Горькая усмешка не исчезает — пробегает по всему лицу Саулюса, мелькает в глазах. Когда ему позвонили и предложили эту поездку («Не желаете ли прокатиться, товарищ Йотаута…»), Саулюс не только обрадовался: просто не поверил, что вот и е г о вспомнили, е м у предлагают. На миг почувствовал себя как бы на пьедестале. Даже стал скромничать («Спасибо, для меня так неожиданно, когда столько знаменитостей…»), без всякого притворства, только желая услышать — наверняка желая! — что и он сам, дескать, не лыком шит… Но голос звучал по-деловому; да, да, товарищ Йотаута, я уже говорил с товарищем А.; оказывается, он бывал во Франции, хочет куда-нибудь подальше; говорил с товарищем Б., его жена как раз в это время вздумала рожать; говорил с товарищем В. — в больнице… («Хотя, разумеется, если вы отказываетесь…» — «Нет, нет, я согласен, конечно…») Как милостыню,
— Все выше карабкаешься, Саулюс, — Альбертас дергает бархотку на шее, вдруг вспомнив то, о чем непростительно молчал до той поры. — Тебе нужны факты, дружище? Самые свежие? Только не свались со стула!
Йотаута прислушивается; никаких новостей он не знает, мало ли что могло стрястись здесь за эти три недели. Он-то здесь при чем?
— Прозит! Только для меня непонятно, почему ты сам об этом не спрашиваешь? — продолжает Альбертас.
— О чем ты говоришь?
— Или уже знаешь? Чего доброго, я опоздал. Или тебе уже настолько все равно, раз покатался по Европам…
— Альбертас, будь человеком, останови свои жернова, — не выдерживает Вацловас Йонелюнас.
— Так вот, Саулюс, коротко и ясно: все четыре твоих эстампа попали на выставку! Мои поздравления. Салют! — Он поднимает бокал вина.
— Это точно? — сомневается Саулюс.
— Не веришь мне? Спроси у Вацловаса.
Йонелюнас утвердительно кивает.
— Вчера комиссия отобрала. Ругянис зверствовал, как рассказывали. Нет, ему это и это не нравится, дескать, зритель не поймет, черт-те что подумает, ведь выставка-то не дома, а в Риге, прибалтийская, такая ответственность и тэ дэ и тэ пэ. Он-то всегда готов любого зарубить. К тебе не прицепился. Просто не заметил твоих работ.
Напоминание о Ругянисе бередит свежую рану Саулюса, но он не подает виду, не может выдать себя. Как в тумане пытается вспомнить офорты, которые отдал, уезжая во Францию, но перед глазами мелькают всевозможные листы, только не те, видно, не те. Два — точно, а еще два? «Утро»? Нет, нет… Бегущая вдоль поля девушка с колосьями ржи в руке… Да, этот. Какой же четвертый? Правда, какой четвертый?
— Ты не рад?
Какой четвертый? «Голова старика»? «Улочка»? Нет… Четвертый, четвертый…
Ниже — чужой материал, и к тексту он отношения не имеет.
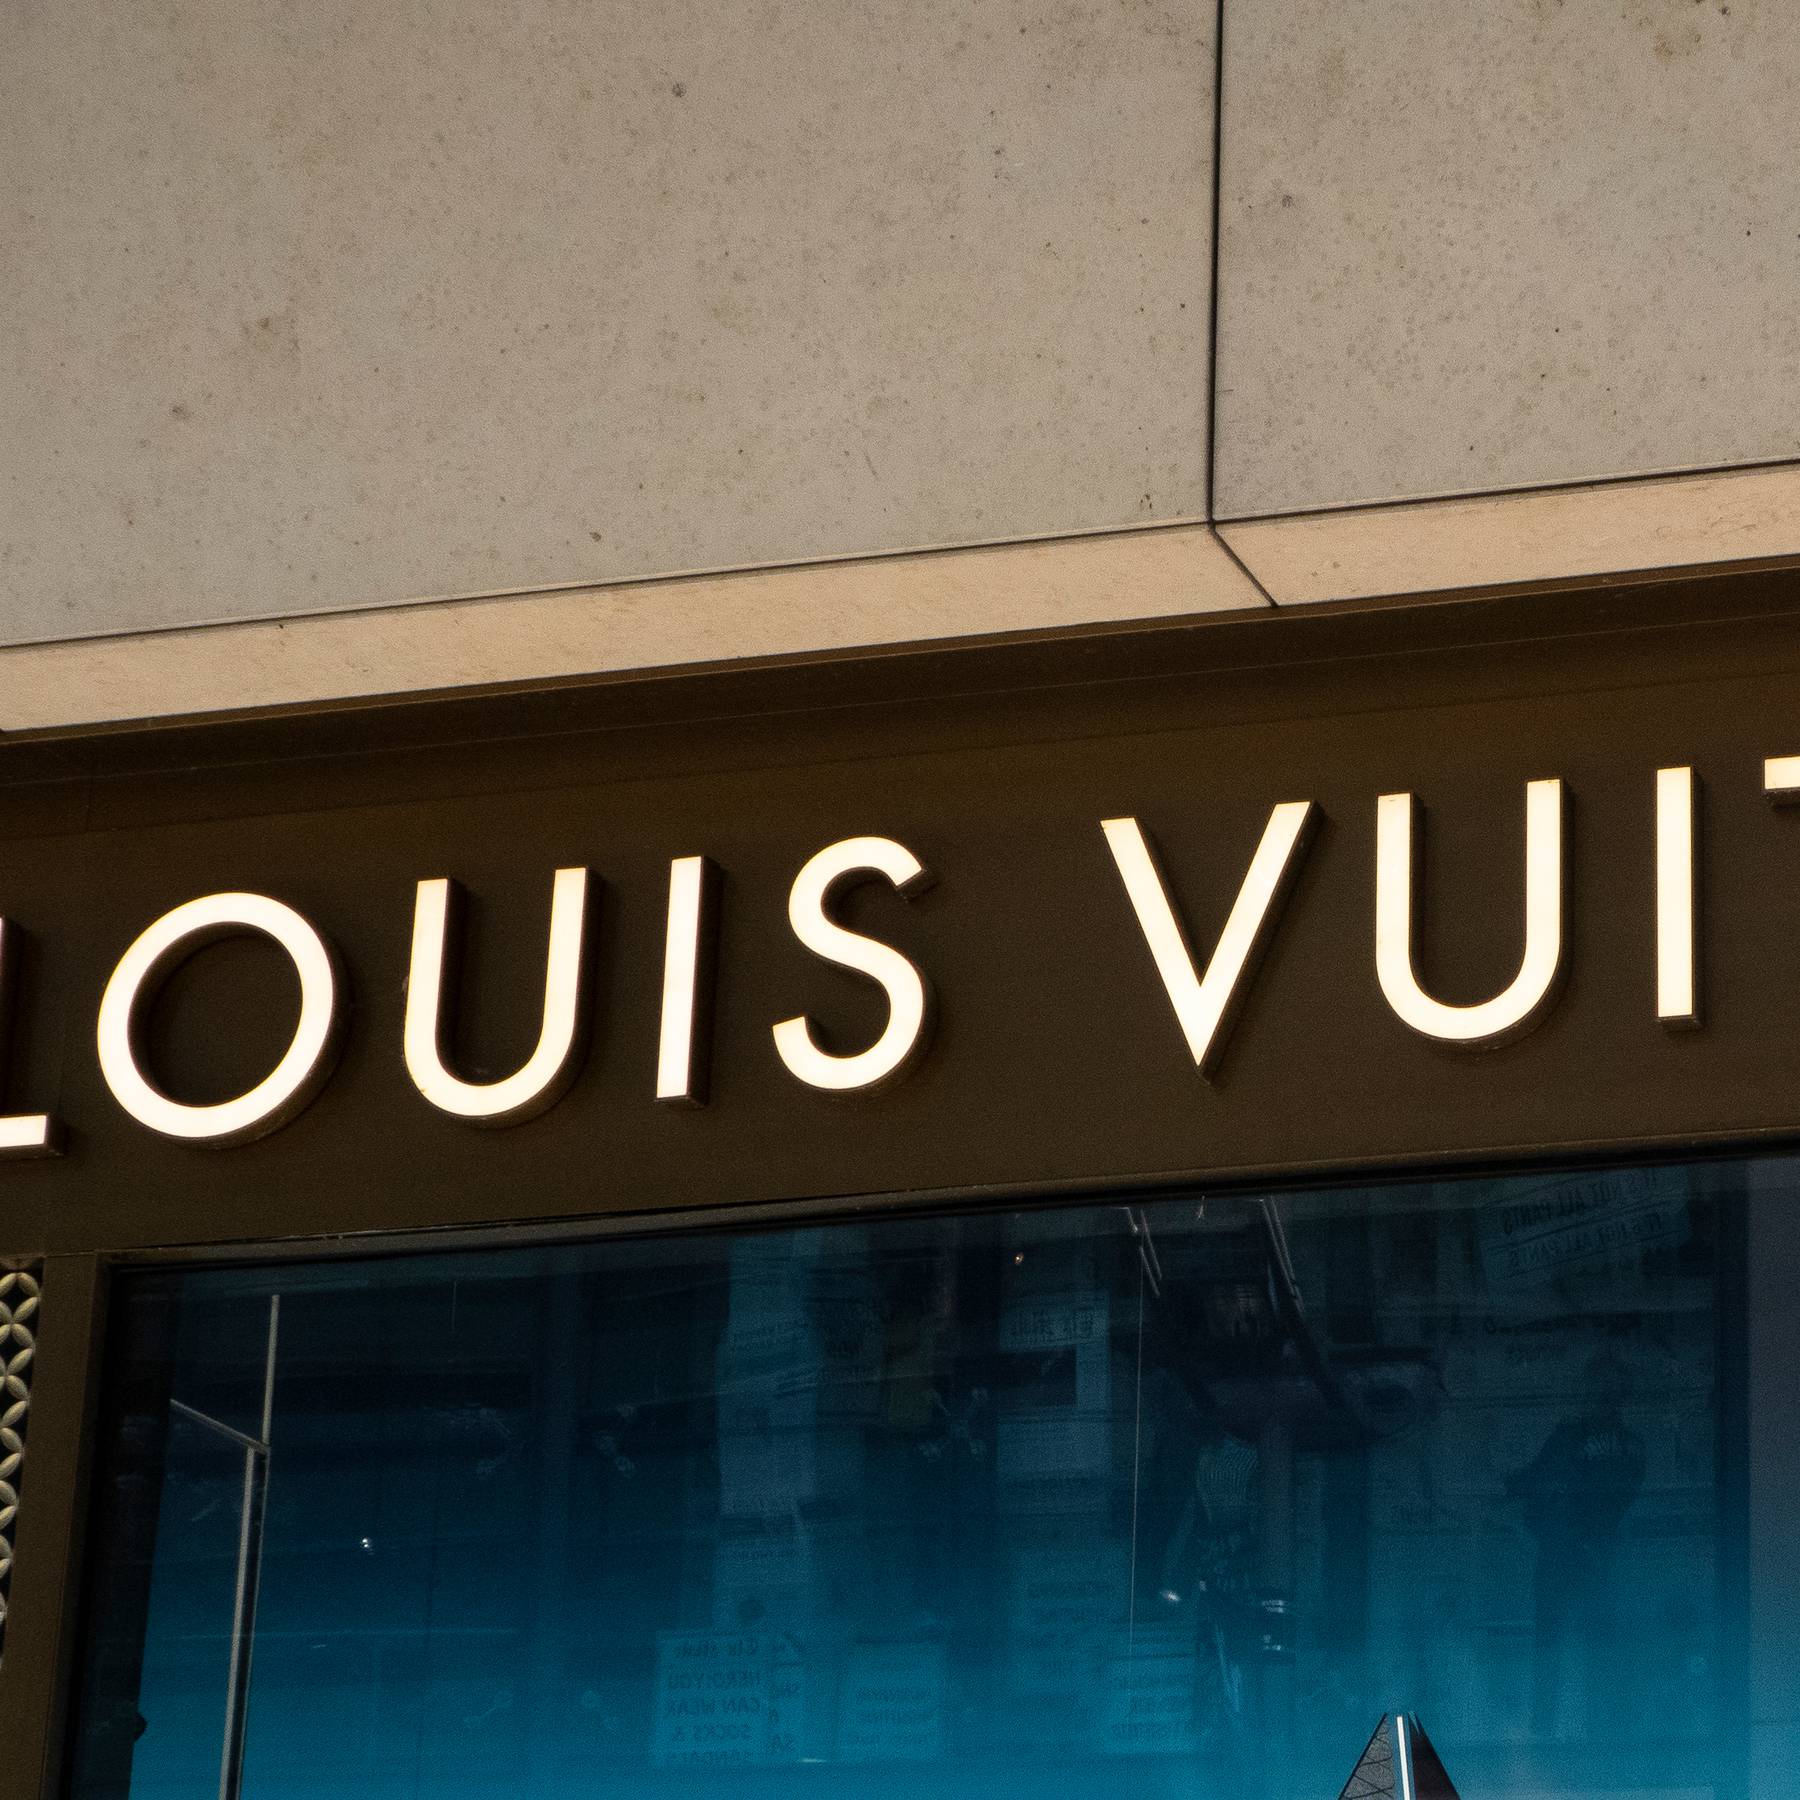 LVMH Moet Hennessy Louis Vuitton SE Stock Gives Every Indication

— Вацловас, полюбуйся на него. Видал такого?
— Как ваши? — любопытствует Саулюс, но тоже как-то вяло. — Твои-то попали, Альбертас?
— Одна. Из трех. Но это ничего, я доволен. С живописью не так просто. И отобрали знаешь какую? Сам не поверил. «Строительство моста».
— А у тебя, Вацловас?
Йонелюнас машет рукой, отводит глаза.
— Работа Ругяниса, — лихорадочно шепчет Альбертас. — Разве не знаешь, как он относится к Вацловасу? Мог бы — сожрал бы. Потворствует молодым, тем, что без всяких идеалов, с ними заигрывает, думает, авось поддержат когда-нибудь, а мы задыхаемся, среднее поколение… Злость берет, друзья мои, как подумаешь.
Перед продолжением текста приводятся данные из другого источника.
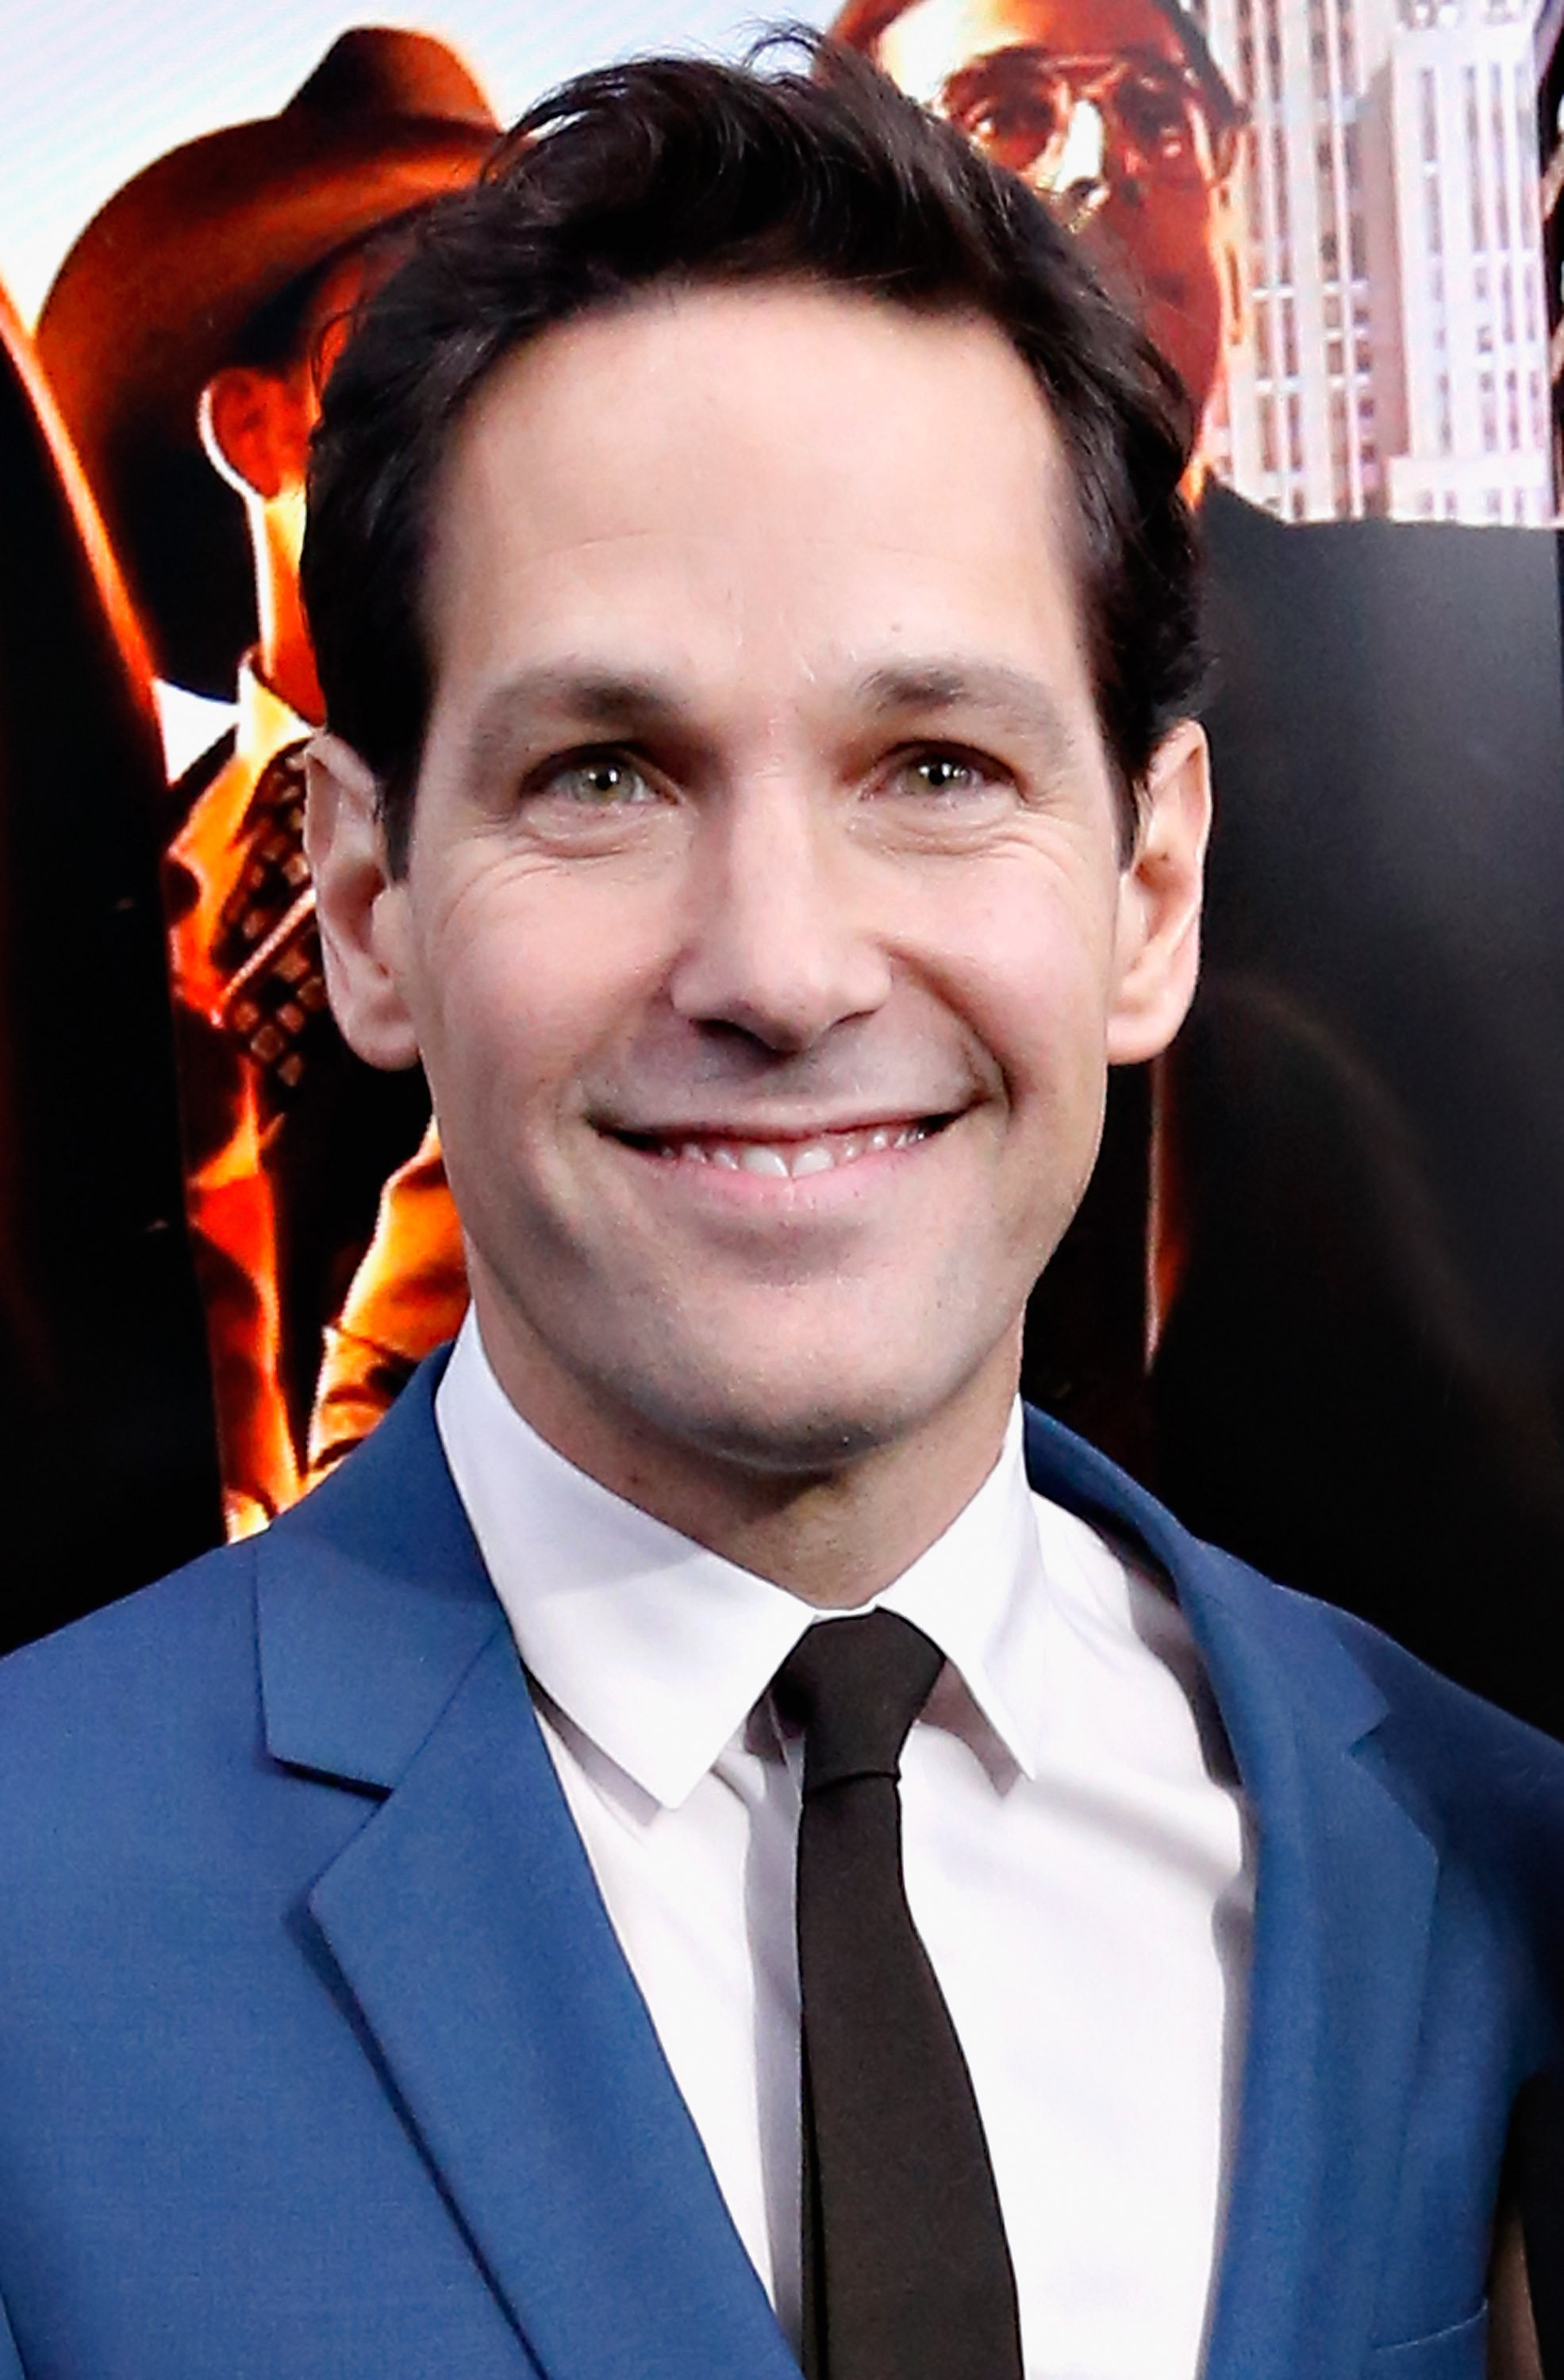 Paul Rudd became Ant-Man and remained Paul Rudd - The

— Плевал я! — в сердцах бросает Йонелюнас, его нижняя губа вздрагивает. — Не для выставок пишу. И не на десерт для Ругяниса или кого другого после сытного обеда. Плевать мне и растереть!.. — Оглядевшись, подзывает официантку: — Красавица! Коньяку по одной. И кофе. Все. — И снова нервно шипит: — Плевать!..
— Смешно было бы раскиснуть. Ты не из таких, Вацловас. А вот Саулюс пробился. Ведь это не пустые слова критиков, что метафора его линий улавливает вечные истины и зачаровывает зрителя — берет за душу, волнует, заставляет задуматься. Браво, Саулюкас!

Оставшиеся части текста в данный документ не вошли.